Sirvo un vaso de jugo de naranja y lo acabo de un solo sorbo. Caliento agua para el café y saco huevos y jamón de la nevera. Mientras preparo el desayuno recuerdo cuando la semana pasada citamos a nuestro manager en un bar. Discutimos sobre un posible contrato discográfico lleno de exigencias ridículas y luego de una botella de whisky llegamos a una pelea en la que Enrique, después de varios puños y patadas, rompió un vaso en su cabeza. Los de seguridad nos separaron y llamaron a la policía. Él pasó una noche en la estación y yo me quedé con Paula en la casa. Así sucedió lo nuestro.

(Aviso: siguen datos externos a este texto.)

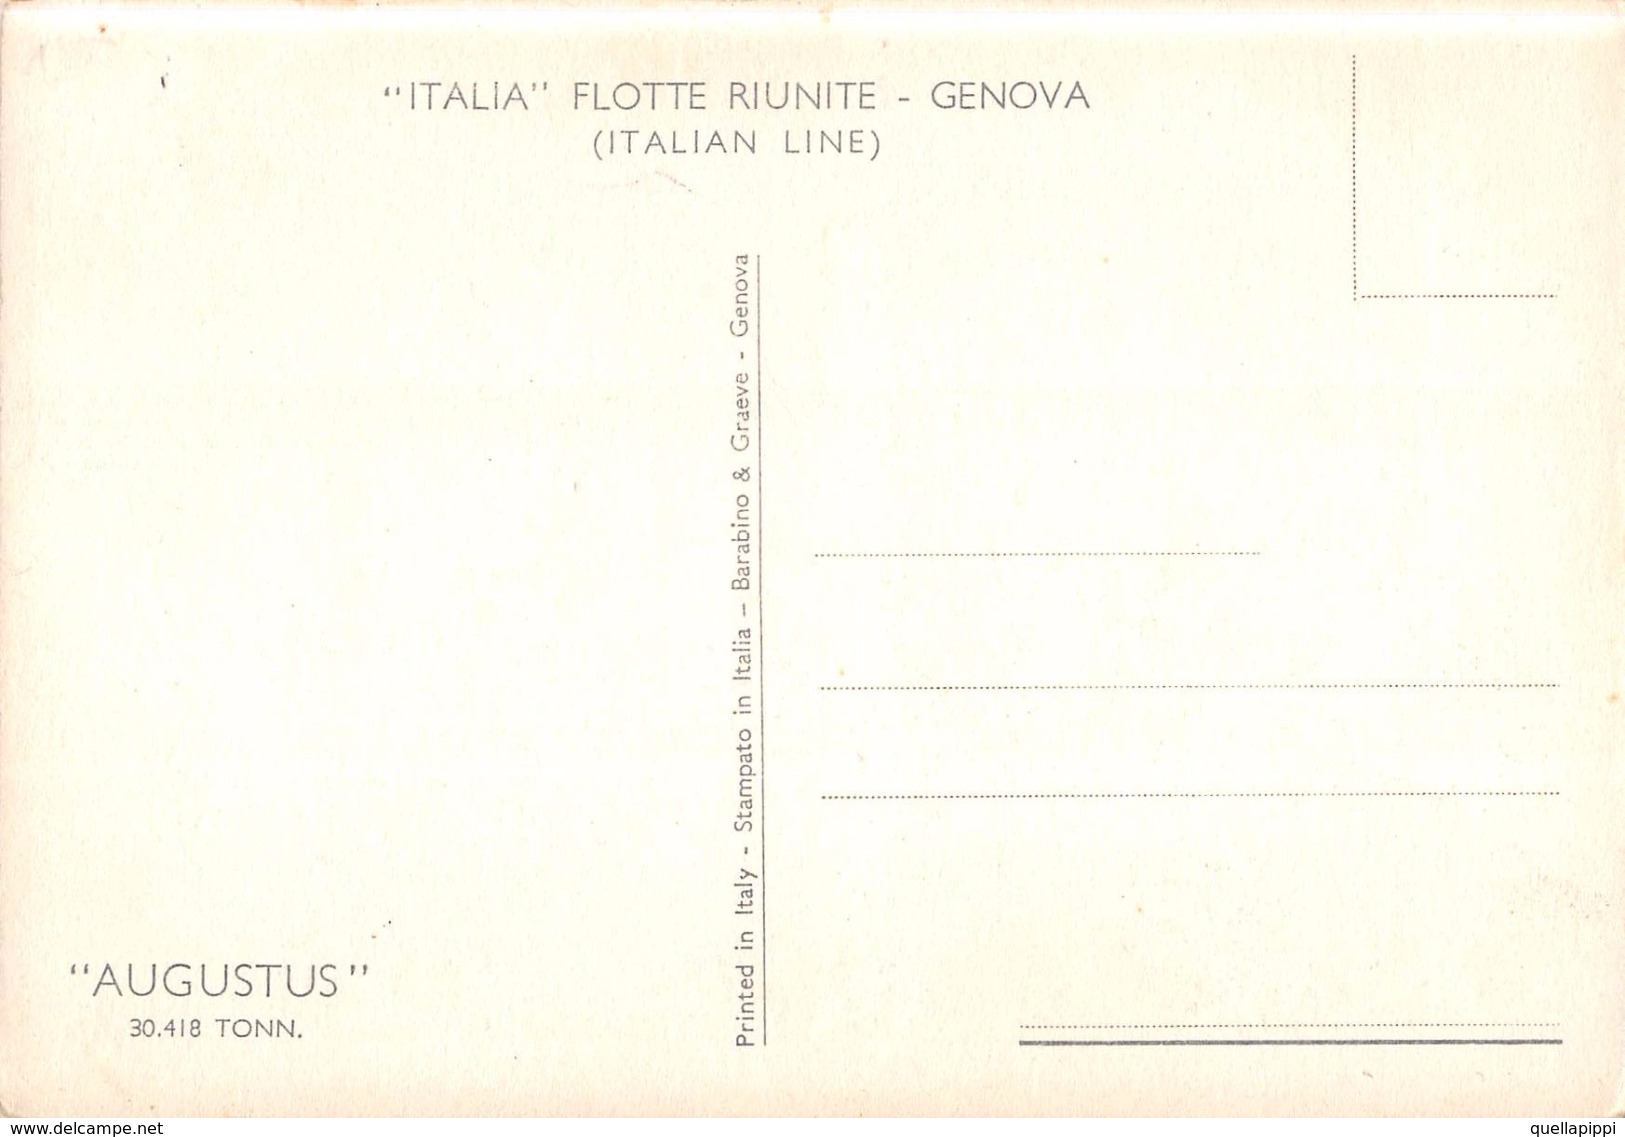 05422 "MOTONAVE AUGUSTUS 30418 TONN - ITALIA FLOTTE RIUNITE - GENOVA"  CART NON SPED - Banken

Siempre me gustó Paula. Alta, blanca, delgada, pelo negro largo y ojos azules. Nadie pensaría que tiene dos hijos y un ex marido. Fue amable conmigo desde el inicio y veía algo más en sus ojos, pero no quise cruzar la raya hasta el día de la pelea en el bar. Esa noche después de la pelea estaba sola, cansada de todas las mujeres en la vida de Enrique y de la falta de dinero de los últimos meses. Ella fue a buscarnos a la estación de policía y regresamos juntos. En la casa tomamos una botella de vino, compartimos un cigarrillo y una cosa llevó a la otra, nos besamos y al final amanecimos en la cama de Enrique, mientras él dormía en la banca de la estación de policía y nuestro manager en un hospital. Qué noche fue esa. 

Los huevos están listos. Pongo un par de tajadas de pan en la tostadora y mantequilla en la mesa. Sirvo más jugo de naranja en el vaso y café en una taza blanca. El vaso largo de vidrio me recuerda al que Enrique rompió en la cabeza de nuestro manager y me río solo. Enrique y Paula aun duermen. La pelea de esa noche en el bar solo fue la última de muchas situaciones que llevaron a la banda a su final. 

Antes fue el asunto de la disquera. Esto sucedió el año pasado, cuando Enrique cazó una heroica pelea con un gran sello discográfico. No solo rechazó el trato sino que mandó a comer la mierda que encontraran a los directivos, al no dejar que “productores proxenetas” manosearan sus canciones, lo obligaran a escribir y cantar un mínimo de material comercial en cada disco, y cumplir con otra serie de estupideces de las que hablan los empresarios. Yo lo apoyé esa vez y aun comparto cada uno de los ideales que Enrique defendió. Sin embargo sabía que esa jugada no nos dejaría bien parados. En el mundo mafioso que es el espectáculo se paga un precio alto cuando se hacen cosas así.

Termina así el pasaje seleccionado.